Building Ask: A RAG-Powered Chatbot for My Portfolio

How I built a contextually-aware AI assistant using Cloudflare Workers AI, Vectorize, and RAG. Learn about the architecture, prompt engineering, security hardening, and lessons learned.

Building Ask: A RAG-Powered Chatbot for My Portfolio

Portfolio sites are inherently passive. Visitors land on a page, scan for relevant information, and either find what they need or bounce. Traditional search helps, but it requires visitors to know what to look for. I wanted something different: an AI assistant that actually understands my work and can have a conversation about it.

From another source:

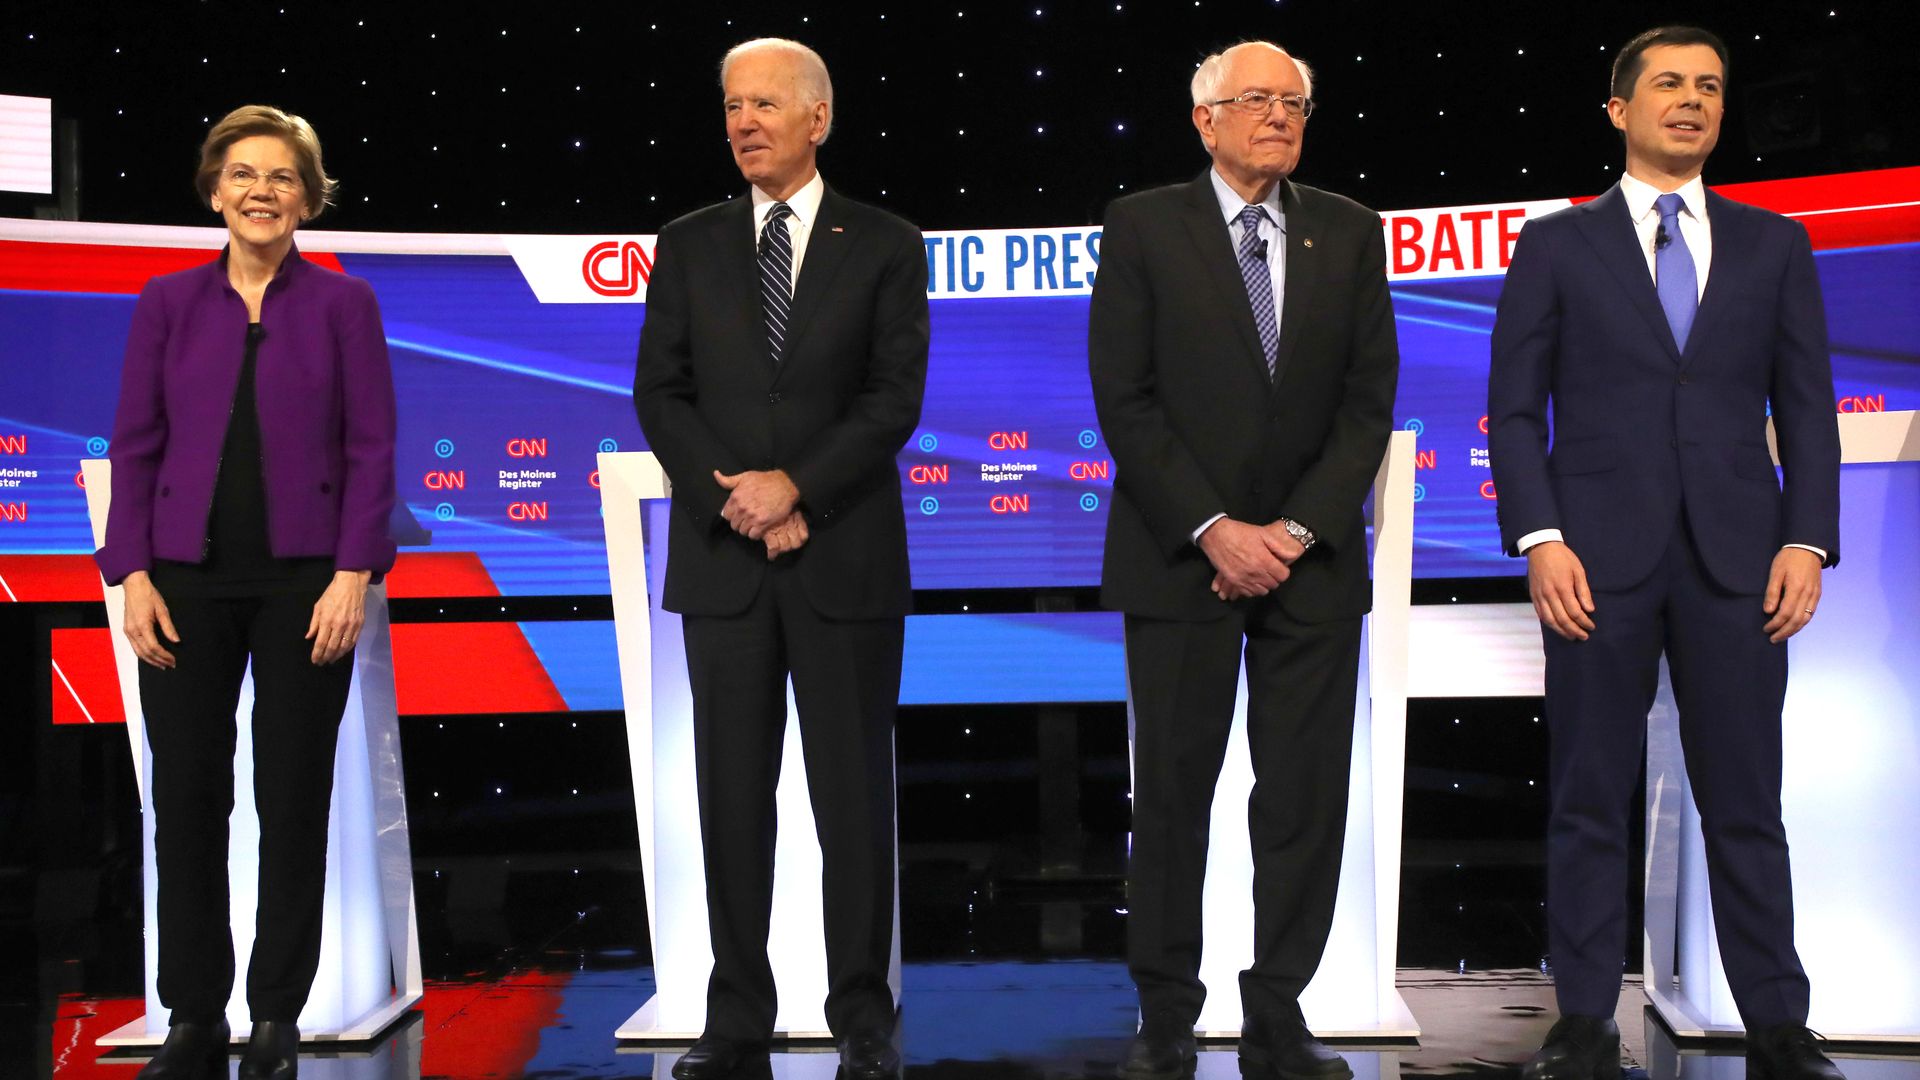 Warren, Biden, Sanders, and Buttigieg are in this image.
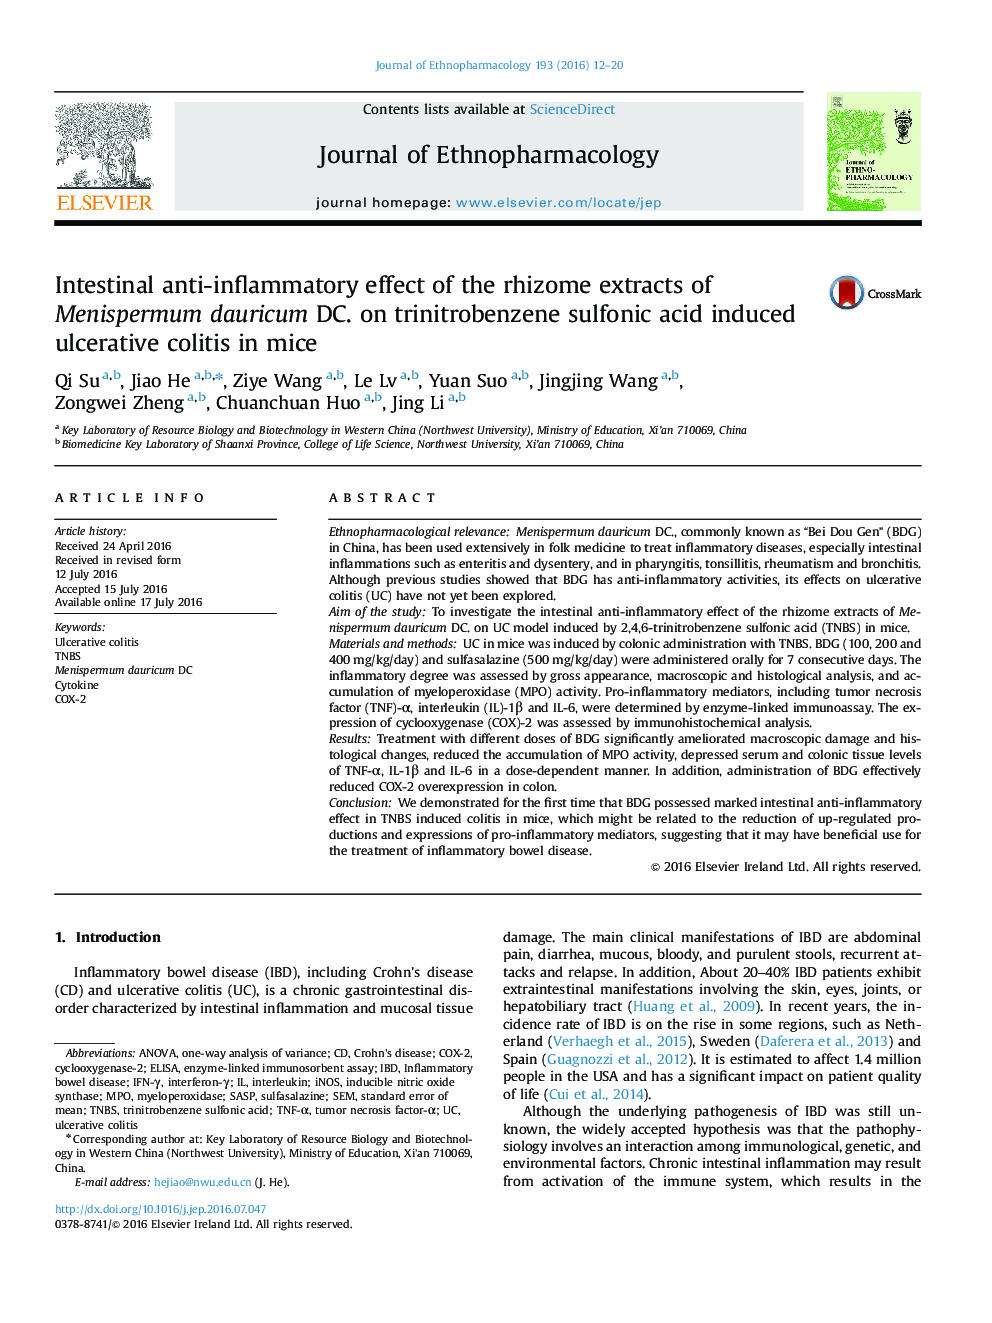 Intestinal anti-inflammatory effect of the rhizome extracts of Menispermum dauricum DC. on trinitrobenzene sulfonic acid induced ulcerative colitis in mice

The result is Ask, a RAG-powered chatbot that lives on every page of rye.dev. It knows about my projects, can discuss my blog posts, and adapts its behavior based on which page you’re viewing. This post documents how I built it.

A visual representation of the serverless/edge architecture described in the post, showing the flow of data between components.

The Architecture

Ask runs entirely on Cloudflare’s edge infrastructure. There’s no origin server, no container to manage, no cold starts to worry about. The stack consists of:

  • Frontend: Preact component with Nanostores for state management
  • API: Astro API routes deployed to Cloudflare Workers
  • RAG: AI Search (AutoRAG) with Vectorize fallback
  • LLM: Llama 3.3 70B via Workers AI
  • Observability: AI Gateway for request logging and analytics

The edge-first design means responses start streaming in under 200ms from anywhere in the world. The entire knowledge base—blog posts, project descriptions, technical details—lives in Cloudflare R2 and gets indexed automatically.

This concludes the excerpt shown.